BRIEF:
The entries are to be repeated exactly, with all pictures omitted.

RECORDS FOR THE EXERCISE:
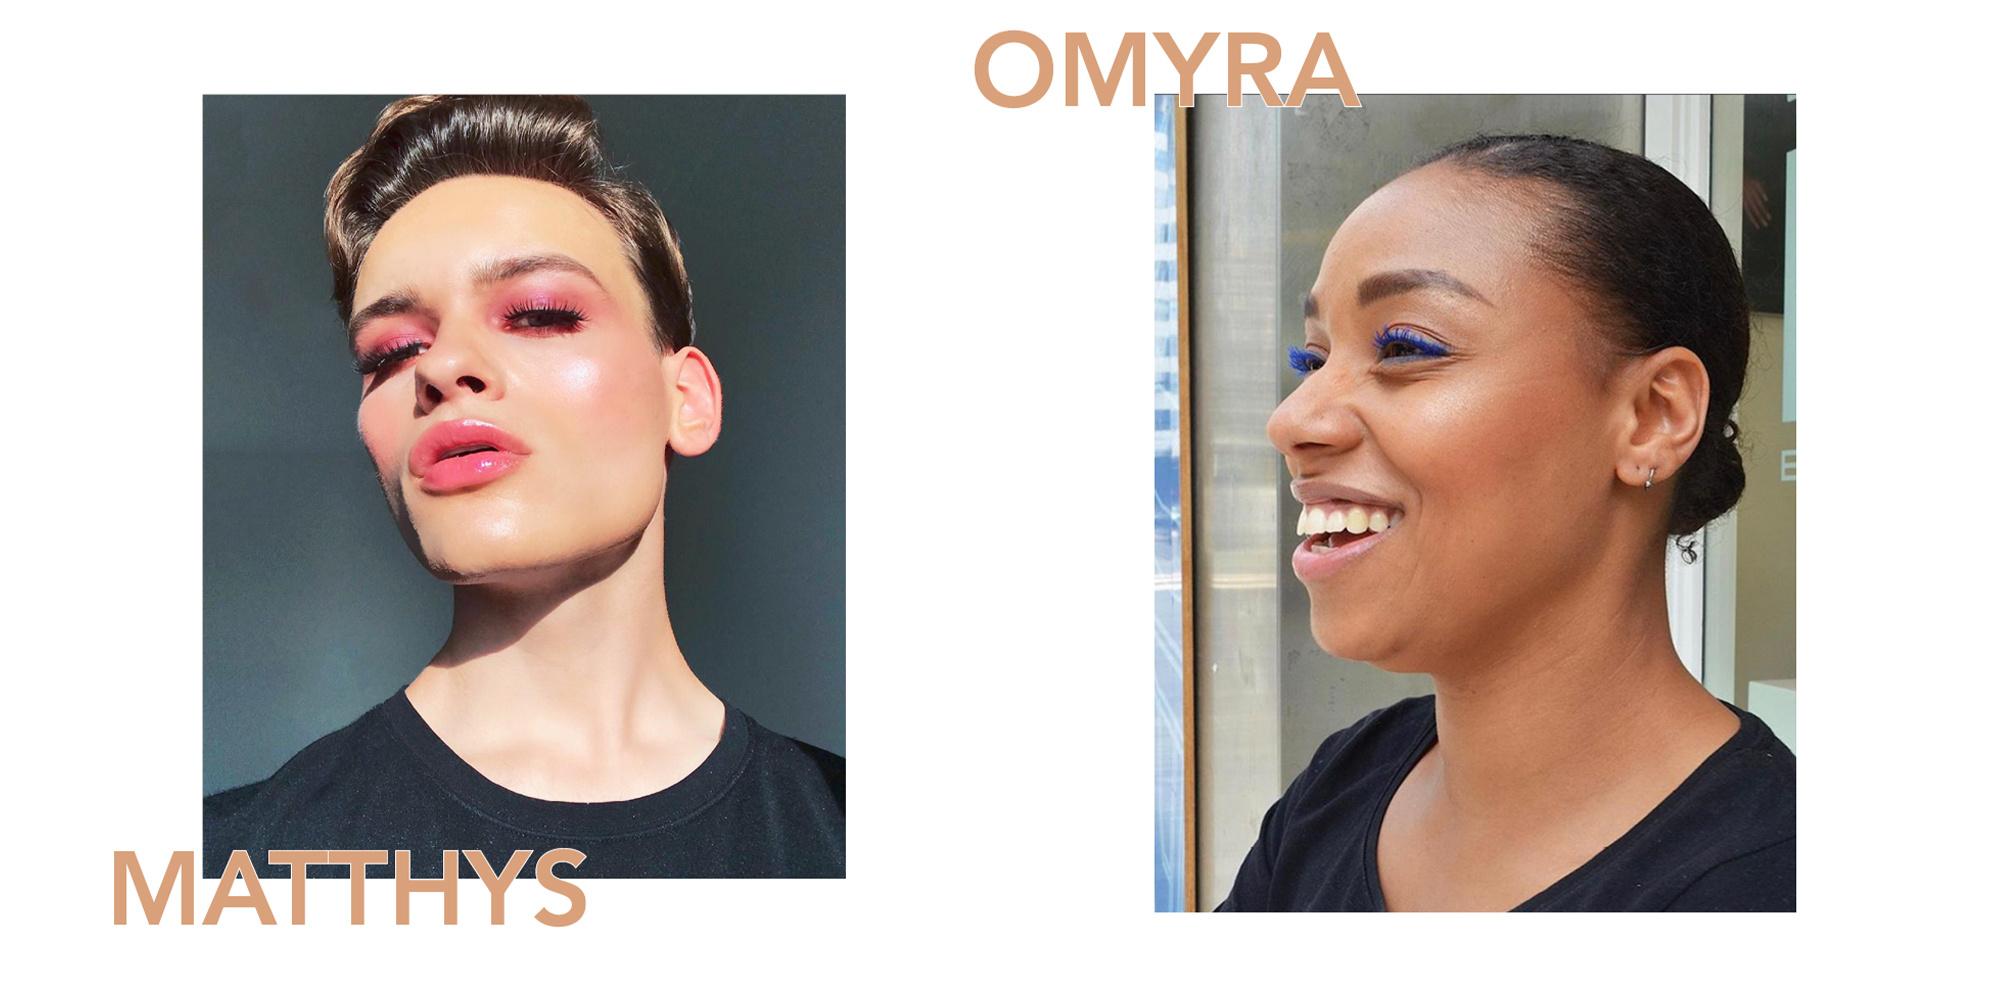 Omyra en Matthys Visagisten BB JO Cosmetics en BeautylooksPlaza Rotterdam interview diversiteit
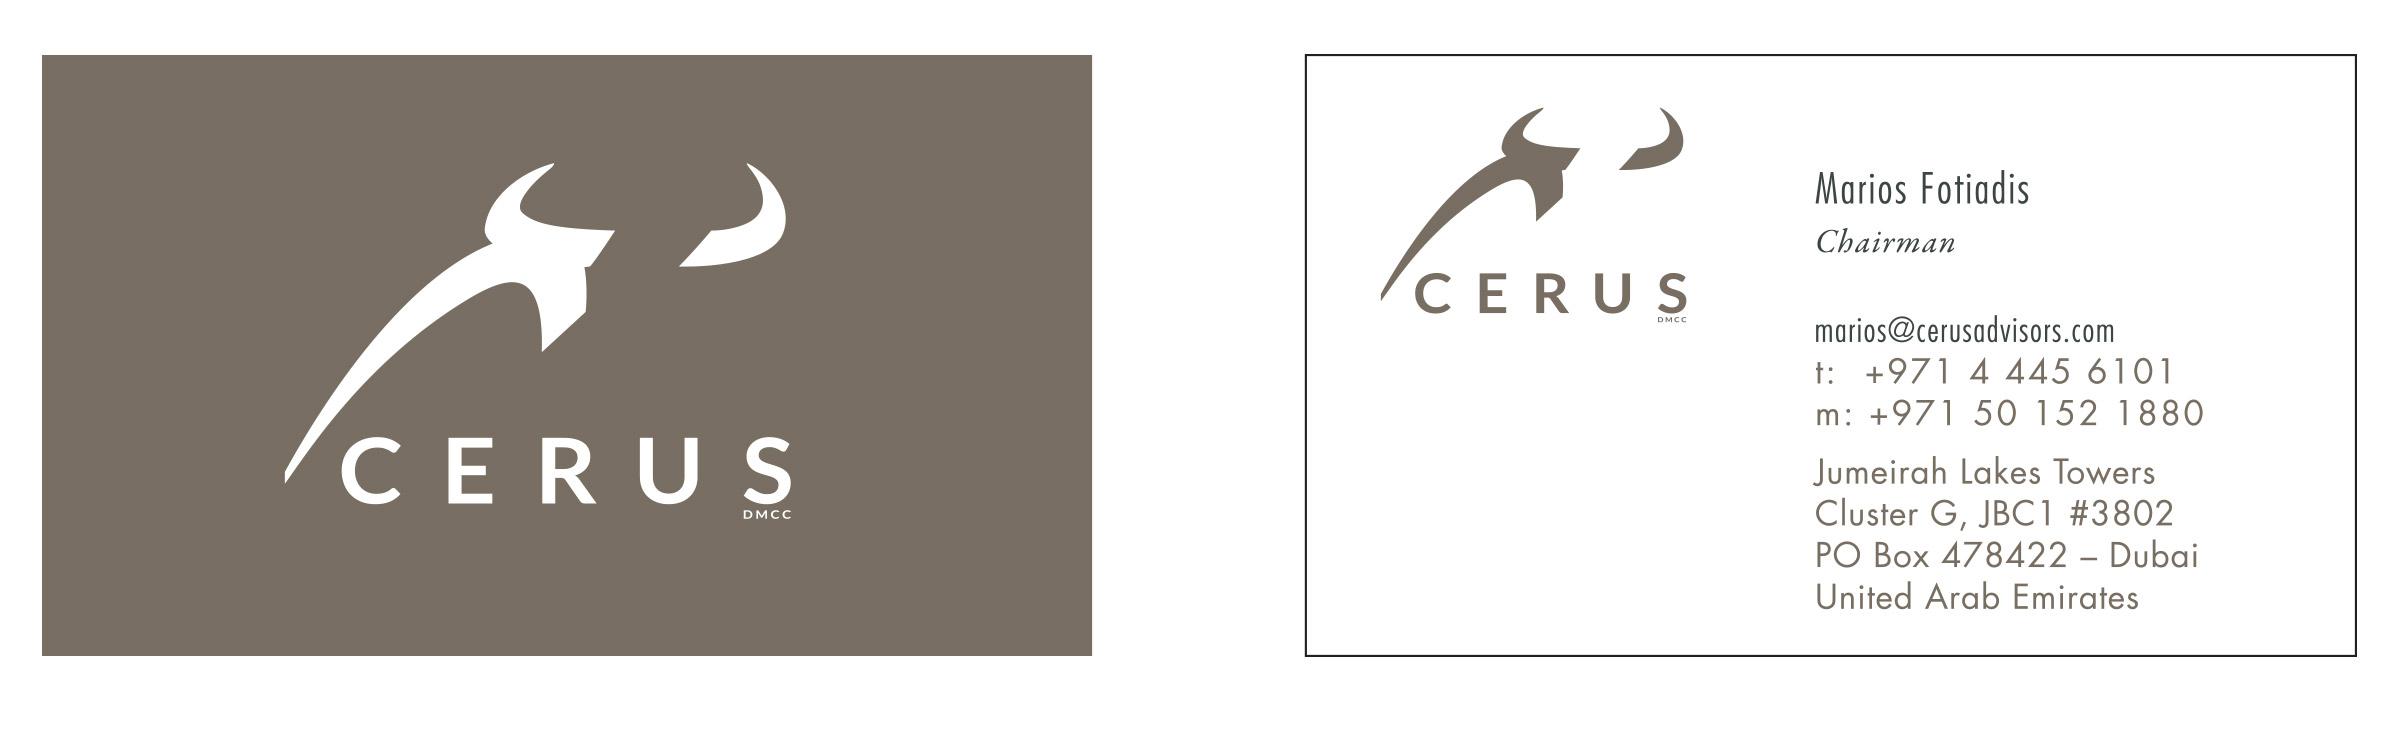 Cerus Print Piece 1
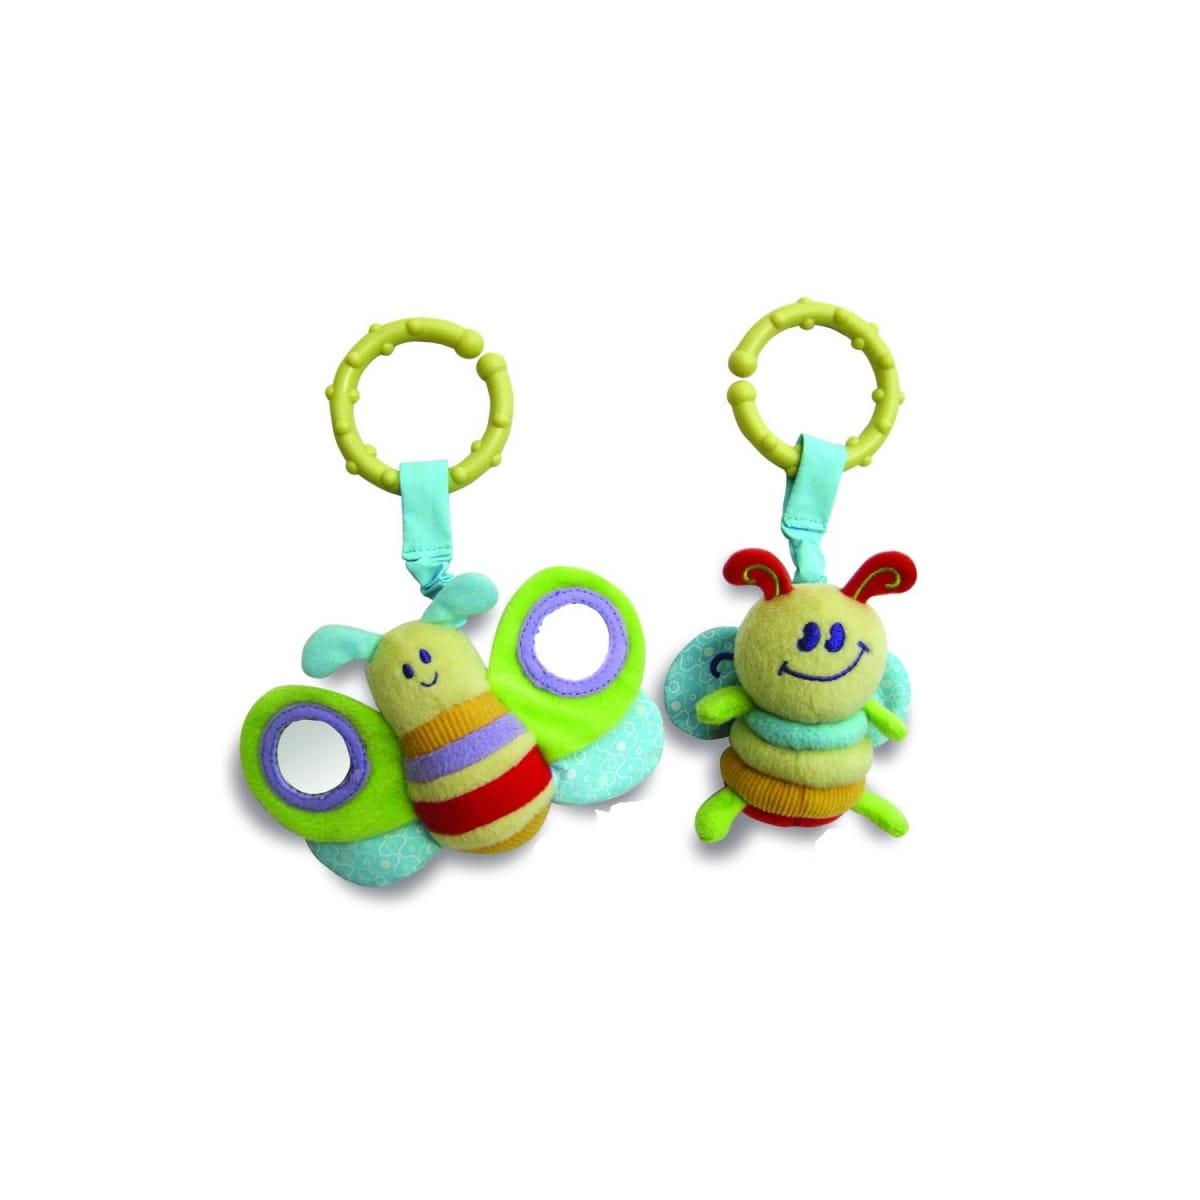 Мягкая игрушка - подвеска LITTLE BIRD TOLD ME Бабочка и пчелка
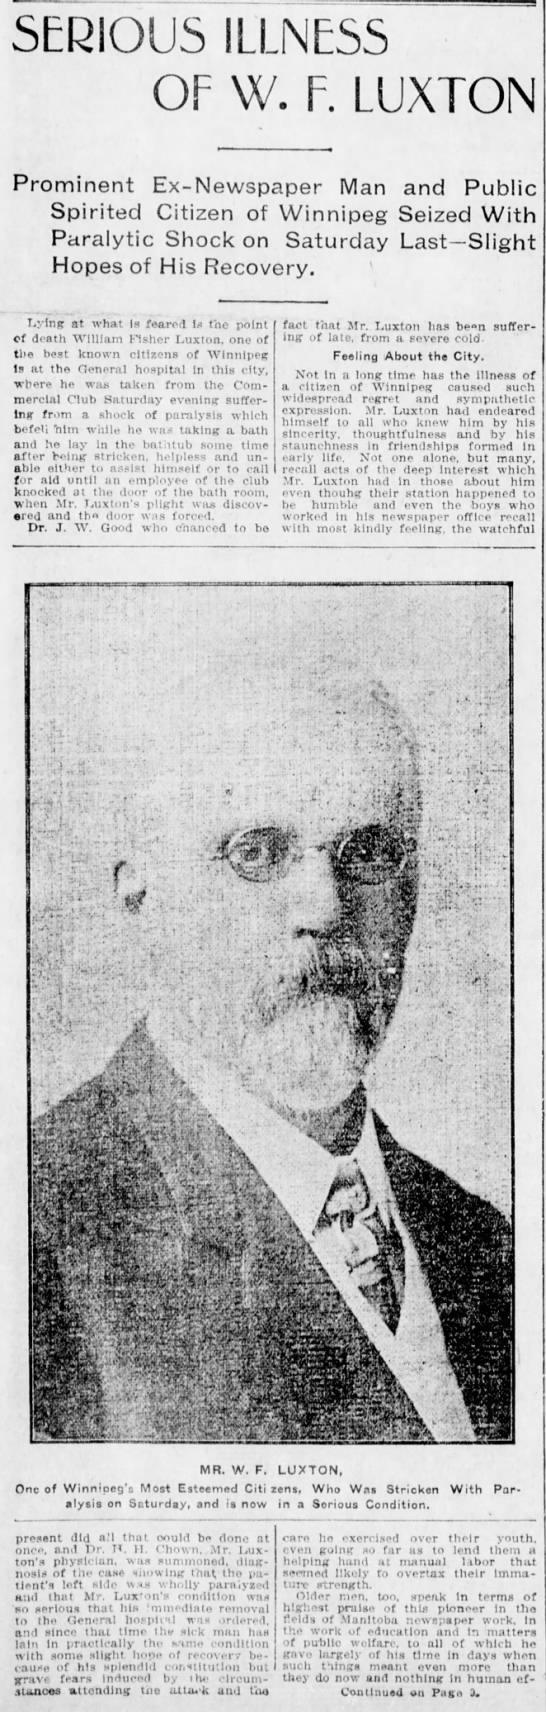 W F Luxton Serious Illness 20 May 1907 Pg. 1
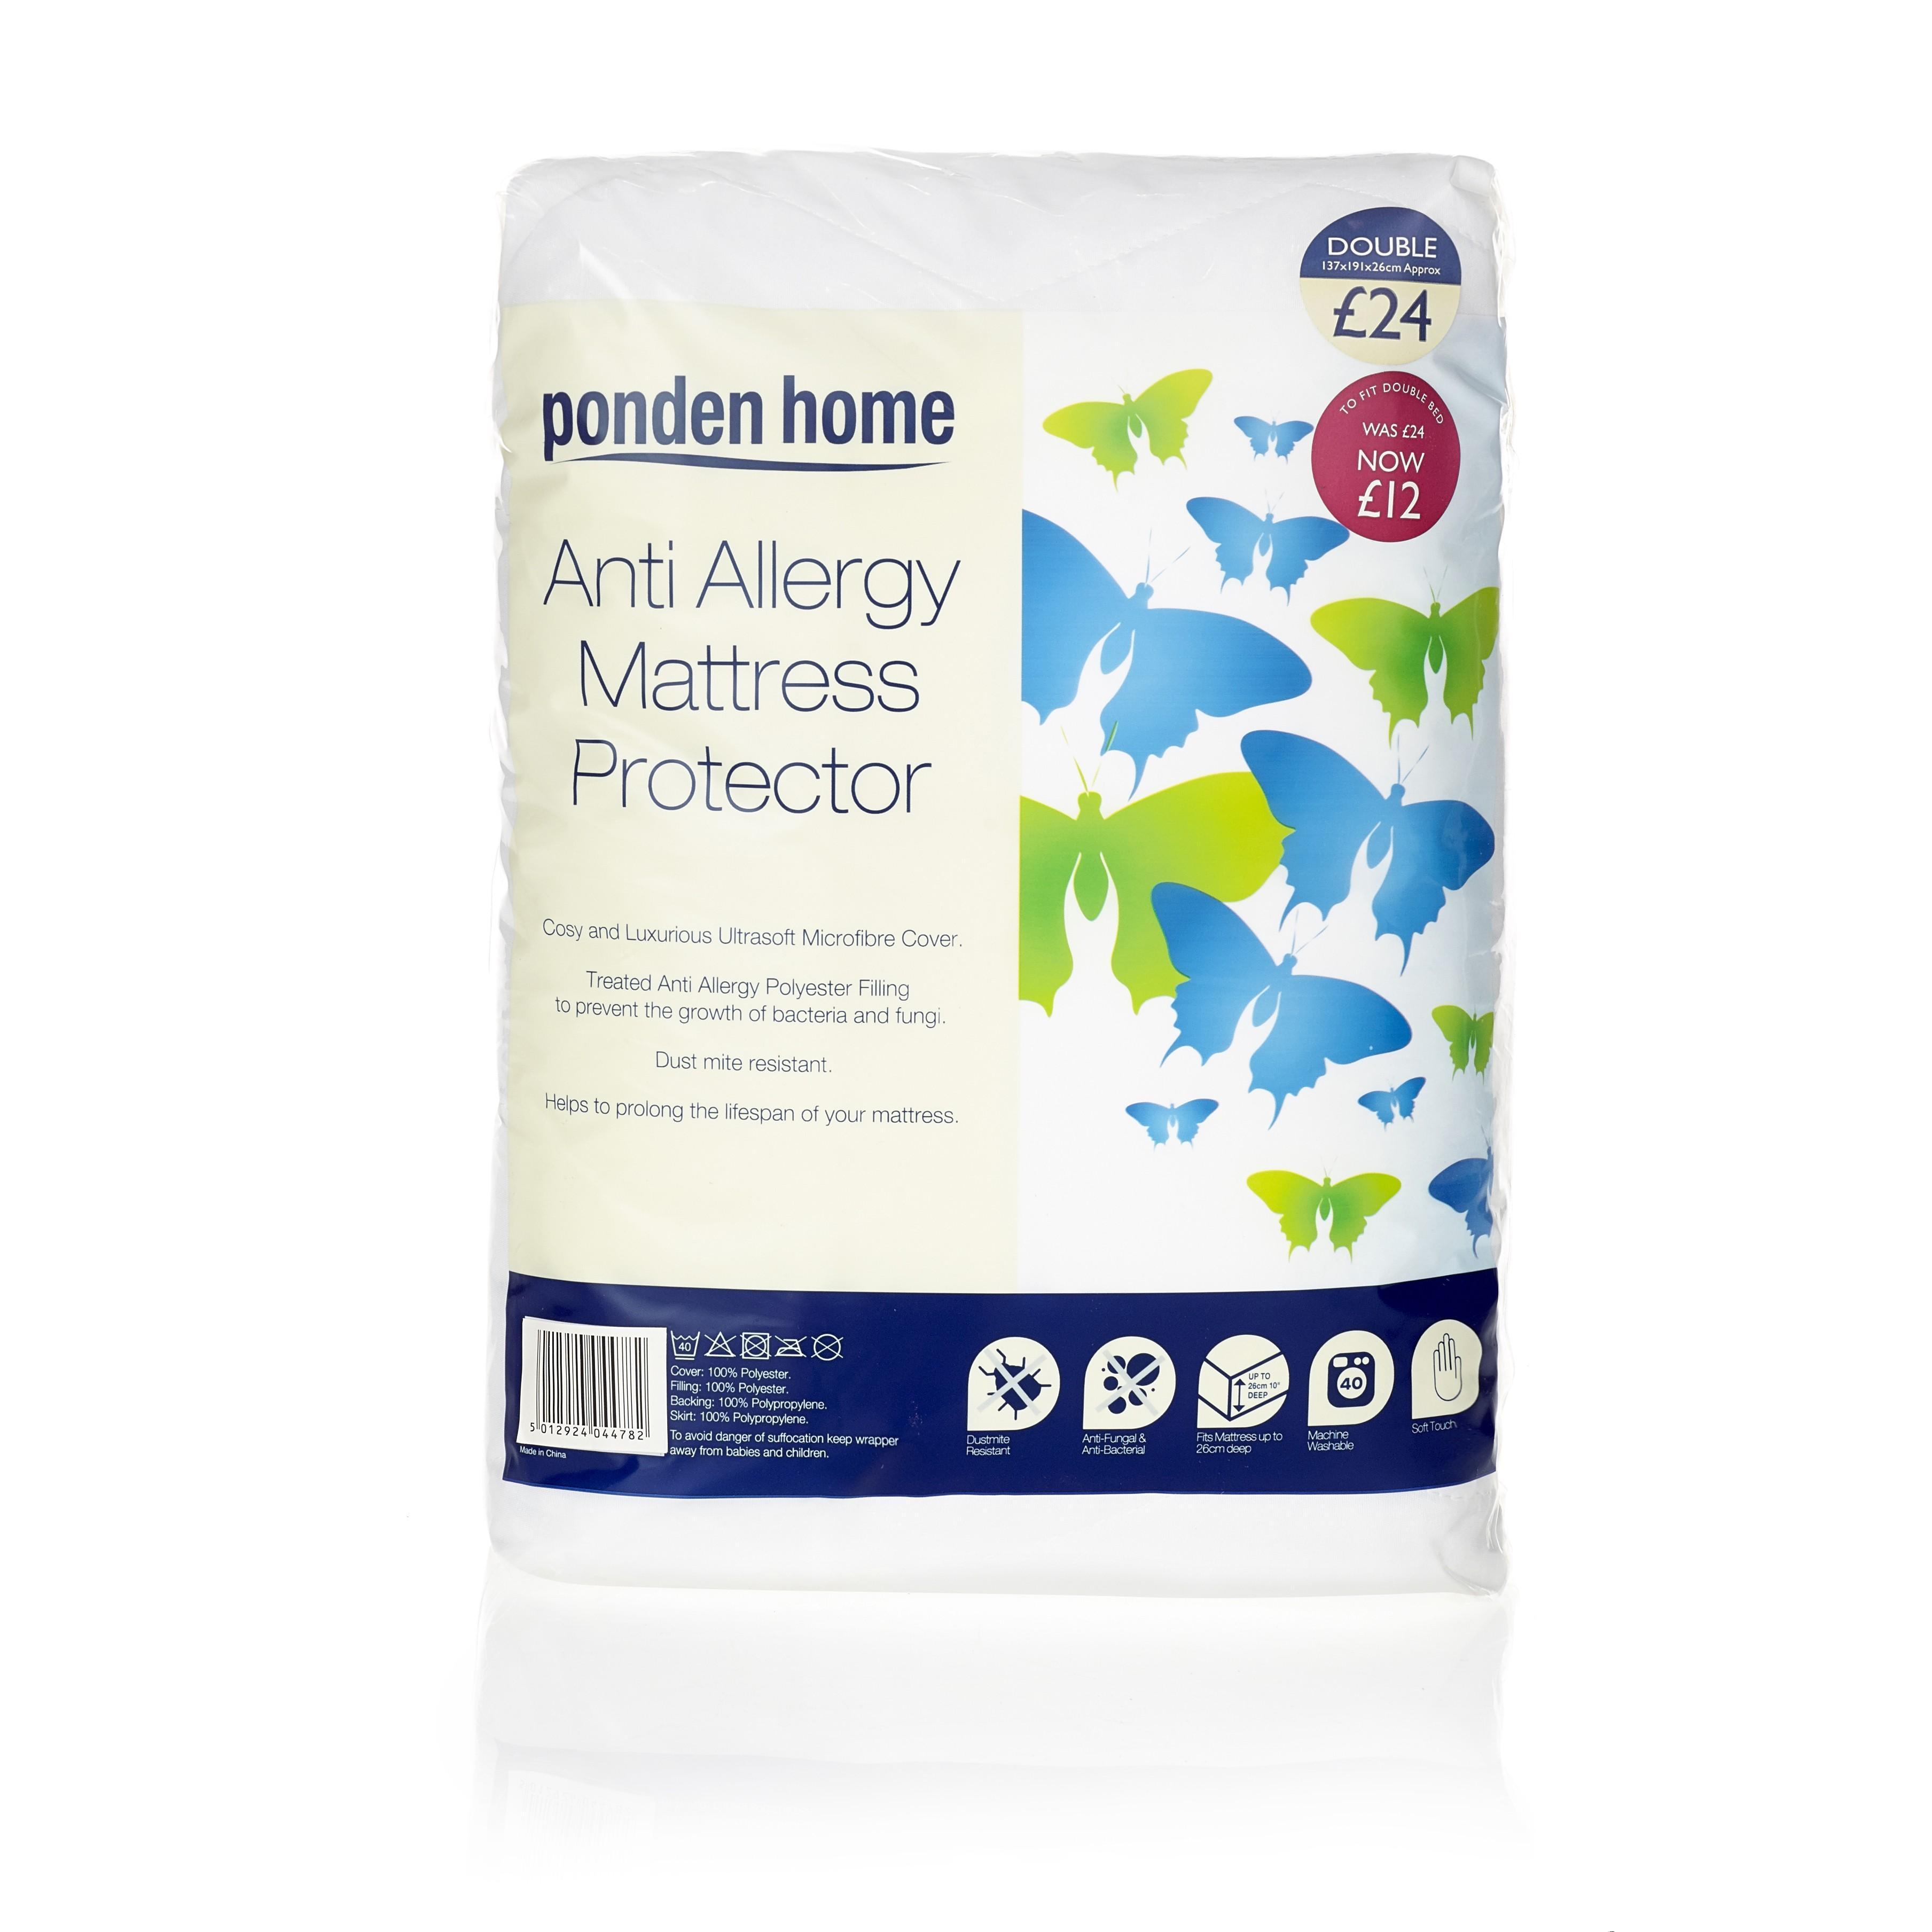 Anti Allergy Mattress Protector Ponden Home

RESPONSE:
 Omyra en Matthys Visagisten BB JO Cosmetics en BeautylooksPlaza Rotterdam interview diversiteit
 Cerus Print Piece 1
 Мягкая игрушка - подвеска LITTLE BIRD TOLD ME Бабочка и пчелка
 W F Luxton Serious Illness 20 May 1907 Pg. 1
 Anti Allergy Mattress Protector Ponden Home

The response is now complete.